I attended a Triangle UXPA meeting where we were able to watch the virtual seminar Designing Touch-Friendly Interfaces by Josh Clark. I’m sharing my notes here as a service to myself in the future and as a reminder to others out there about how to design touch-friendly interfaces. 

Some interesting statistics on how people hold their phones “on the street”, from a field study by Steven Huber (n=~1300):

  • One handed, using the thumb on that hand: ~49%
  • Cradled in one hand, using pointer finger on the other: ~36%
  • Two handed with both thumbs: ~15%

So, thumb use accounts for about 64% of usage in this sample. This informs the heuristics below.

For apps:

  • Primary controls on the bottom
  • Right vs. left side less important than top or bottom
  • Data changing buttons at the top (“out of harm’s way”)
  • Content at top, controls on the bottom (similar to other devices, like a calculator)
  • Stacking controls is a bad idea (causes mis-taps)

These guidelines reflect an iOS-bias. For Android devices, usually controls go on top because the physical device buttons are at the bottom. 

For websites, browser chrome gets in the way, so having a sticky navigation at top or bottom eats up content area. Therefore, a good way to avoid this is to put a Menu link in the header that links to navigation in the footer, but the navigation is at the bottom of the page, not the screen.

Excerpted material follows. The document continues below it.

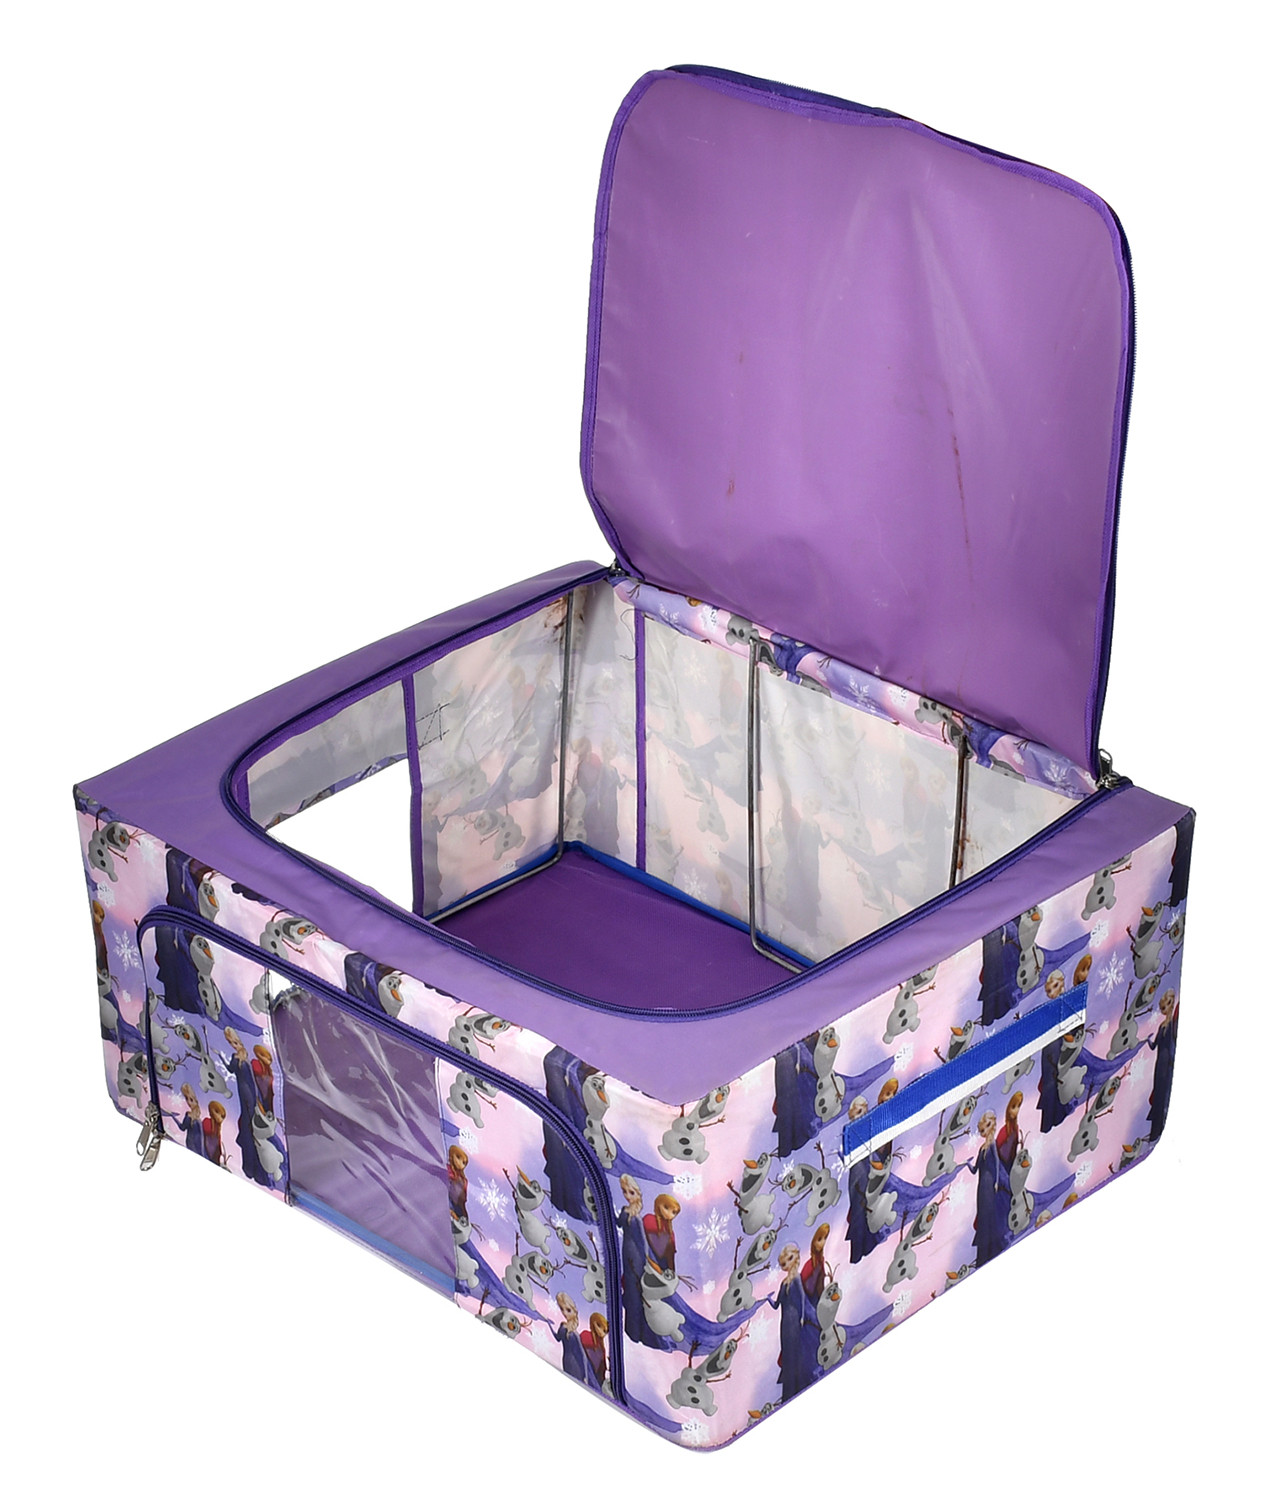 Kuber Industries Doll Print Steel Frame Living Box, Closet Organizer, Cloth Storage Boxes for Wardrobe With Clear Window, 44Ltr. (Purple) 54KM4097

Tablets are almost more desktop-like. Controls at the top are better than the bottom. Bottom nav makes more sense if the whole canvas will change (“coverflow style”). Favor the sides and corners of the screen for controls, since sometimes we hold larger devices in both hands due to their weight. 

Dimensions for controls:

*~7mm is the contact point for thumb on a flat screen *44px maps to ~7mm and works well across devices *2.75em on a default font size of 16px is 44px *7mm has a 1 in 100 error rate on taps, 9mm is 1 in 200 (based on Microsoft study) *At least one dimension should be 44px; 29px minimum in other dimension *At least 2mm between controls; less than that requires increasing size of controls

Clarity trumps density: you may have click or tap more, but the clarity of what’s on the screen pays off. This is in contrast to previous fears on the web that too many clicks would increase bounce rate. 

General recommendations:

  • Get rid of select menus; replace with other controls
  • Get rid of extra fields (generally a good idea)
  • Get rid of confirmation dialogs (use gestures to confirm less than desirable actions)
  • Require less keyboard use
  • Eliminate detail screens (providing more information upfront makes secondary detail screens less necessary…AccuWeather example)
  • Eliminate carousels (seems everyone wants to do this)
  • Eliminate the long scroll (use off-canvas panels)

Great quotes (paraphrased): 

“People come to your site/app for the content, not the navigation.”
“Navigation is often a last resort if the (navigation in the) content fails us.”